04/05/2014 07:55:52 - Error bptm(pid=28359) image copy failed: error 2060057: OpenStorage Proxy Plugin Error    
04/05/2014 07:55:52 - Error bptm(pid=28359) cannot set media state 2: retval = 2060057     
04/05/2014 07:55:52 - Critical bptm(pid=28359) sts_get_image_prop failed: error 2060057: OpenStorage Proxy Plugin Error     
04/05/2014 07:55:52 - Critical bptm(pid=28359) sts_close_handle failed: 2060057 OpenStorage Proxy Plugin Error      
04/05/2014 07:55:52 - Error bptm(pid=28359) Could not set last backup info to client 2060057    
04/05/2014 07:55:52 - Critical bptm(pid=28359) sts_get_image_prop failed: error 2060057: OpenStorage Proxy Plugin Error     
04/05/2014 07:55:52 - Critical bptm(pid=28359) sts_close_handle failed: 2060057 OpenStorage Proxy Plugin Error      
04/05/2014 07:55:52 - Critical bptm(pid=28359) cannot write image to disk, media close failed with status 2060057 OpenStorage Proxy Plugin Error
04/05/2014 07:55:52 - Critical bptm(pid=28359) sts_get_server_prop failed: error 2060057 OpenStorage Proxy Plugin Error     
04/05/2014 07:55:52 - Critical bptm(pid=28359) sts_get_server_prop failed: error 2060057 OpenStorage Proxy Plugin Error     
04/05/2014 07:55:59 - Info bptm(pid=28359) EXITING with status 14 <----------        
04/05/2014 07:57:01 - Error bpbrm(pid=27983) [ERROR][proxy_open_server_v7]CORBA::SystemException is caught in proxy_open_server_v7, minor = 1330446338, status = 1, info = system exception, ID 'IDL:omg.org/CORBA/TRANSIENT:1.0'.OMG minor code (2), described as '*unknown description*', completed = NO
04/05/2014 07:57:01 - Error bpbrm(pid=27983) libsts opensvh() 14/05/04 07:57:01: v11_open_server failed in plugin /usr/openv/lib/libstspinbostpxy.so err 2060057  
04/05/2014 07:57:01 - Error bpbrm(pid=27983) sts_open_server failed: error 2060057         
04/05/2014 07:58:00 - Error bpbrm(pid=27983) [ERROR][proxy_open_server_v7]CORBA::SystemException is caught in proxy_open_server_v7, minor = 1330446338, status = 1, info = system exception, ID 'IDL:omg.org/CORBA/TRANSIENT:1.0'.OMG minor code (2), described as '*unknown description*', completed = NO
04/05/2014 07:58:00 - Error bpbrm(pid=27983) libsts opensvh() 14/05/04 07:58:00: v11_open_server failed in plugin /usr/openv/lib/libstspinbostpxy.so err 2060057  
04/05/2014 07:58:00 - Error bpbrm(pid=27983) sts_open_server failed: error 2060057         
04/05/2014 07:58:01 - Info bpbkar(pid=5380) done. status: 14: file write failed       
04/05/2014 07:58:01 - end writing; write time: 14:50:23
file write failed(14)

We are getting nothing logged to the nbostpxy logs file. Is there something I need to enable to collect data here.
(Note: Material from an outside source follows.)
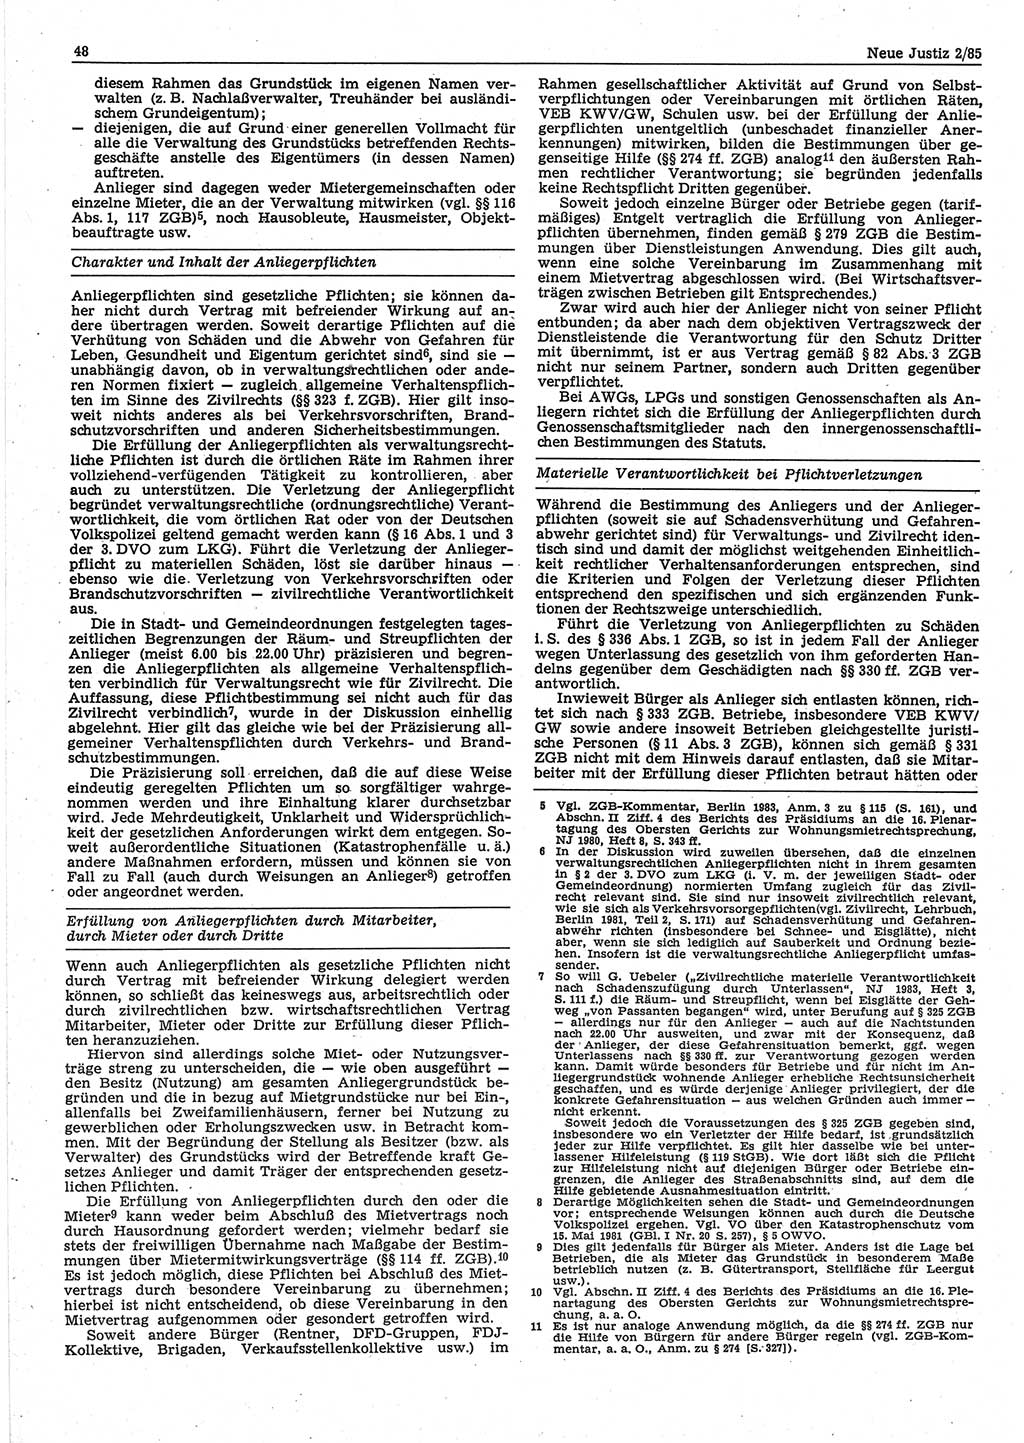 Neue Justiz (NJ), Zeitschrift für sozialistisches Recht und Gesetzlichkeit [Deutsche Demokratische Republik (DDR)], 39. Jahrgang 1985, Seite 48 (NJ DDR 1985, S. 48)

Could this be a corrupt track log file on the client ?

We have run a DIFF since and this has worked - again very slow / low kb/s

Any advice would be greatly appreciated.

Paul

Mark_Solutions
Level 6
Partner Accredited Certified

This drops the connection after 45 minutes (2700 seconds) - tends to look like a timeout somewhere during the filke system scan - without using the Journal it seems to be just taking a long time to scan the system ready for the backup

The pd.conf on the client has the setting to enable logs but they can get VERY large!